When Sylvinho joined Manchester City, where he would meet Mancini, it was the start of the club they are now but he says he could see something building: “A project, a plan, exactly the way they ‘sold’ it to me.” At the end of the season, he no longer had a playing place but Mancini offered him the chance to be third coach. “I said: ‘Thanks but I’ve been away from São Paulo 12 years, my parents are there.’ I was tired.”
Three years later they came together at Internazionale before Sylvinho joined Tite with Brazil. His first job as a head coach, at Lyon in May 2019, lasted five months but there is, he says, “no time for laments”, no time for the woe is me face he pulls in jest. Another lesson, he calls it. When he departed, a message arrived from Wenger applauding him for leaving as a “gentleman” – a reflection, he says, of the man he knew at Highbury. “If I could have 5% of the humanity Wenger has, I’ll be happy.”
What about his job? Sylvinho laughs. “Arsenal are in good hands,” he says; he spoke to Mikel Arteta last week. Besides, although he admits the Premier League is attractive, the field is wide – Spain, Italy, France, Portugal – and you can never wait for a club. Nor, he knows, are there any guarantees.
There is, though, a long experience to draw on, influences from places and people, a mix of cultures: Spanish rondos, Italian tactics, English intensity. Sylvinho talks about bringing those together, finding a philosophy. About how fast the game moves and generations shift, about technology and methodology. And about how, if experience teaches you anything, it’s how often reality gets in the way.
“It’s easy to write it down and say: ‘Do it.’ No. There has to be work, passion, you have to be in love with it. I always return to the same thing: soul.

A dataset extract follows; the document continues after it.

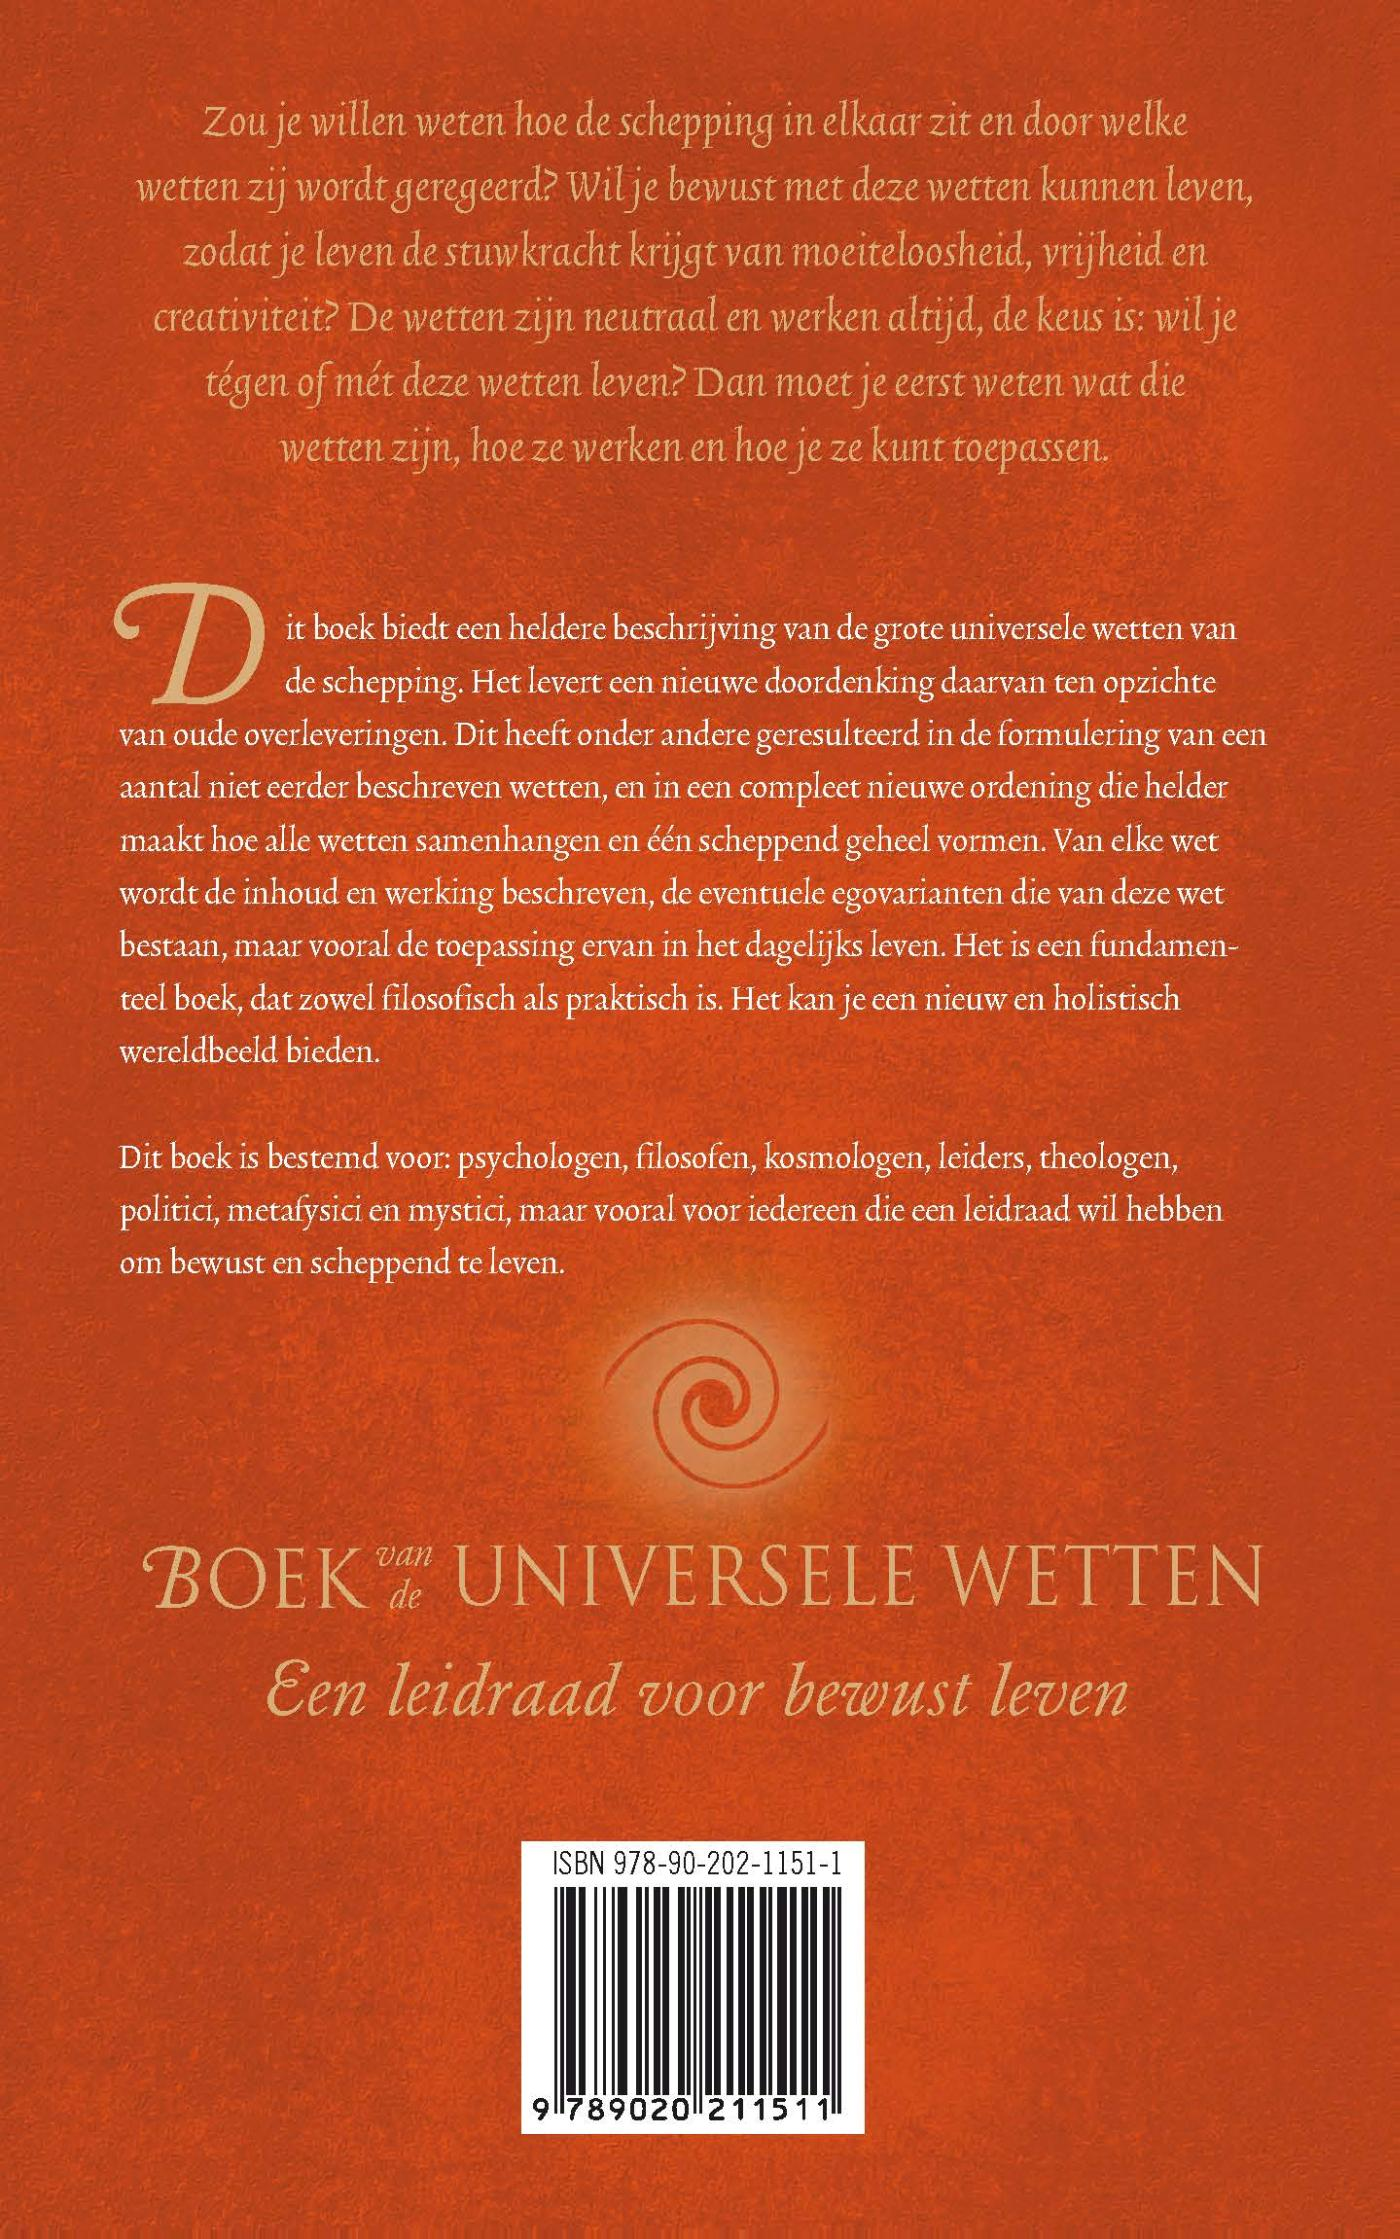 Boek van de universele wetten

“Guardiola used to always say: ‘Lads, we’re going to do everything, everything, everything, everything. But I don’t know if we’ll win, I can’t guarantee that.’ Tite’s the same: he studies all … day … long. Locked away, studying. Mancini too, moving with the game. I see Diego Simeone, a great coach, lose two European Cup finals. Sometimes, the difference between winning or not is tiny. We won a treble getting there via Stamford Bridge with the last kick. Pffff. How do you explain that?”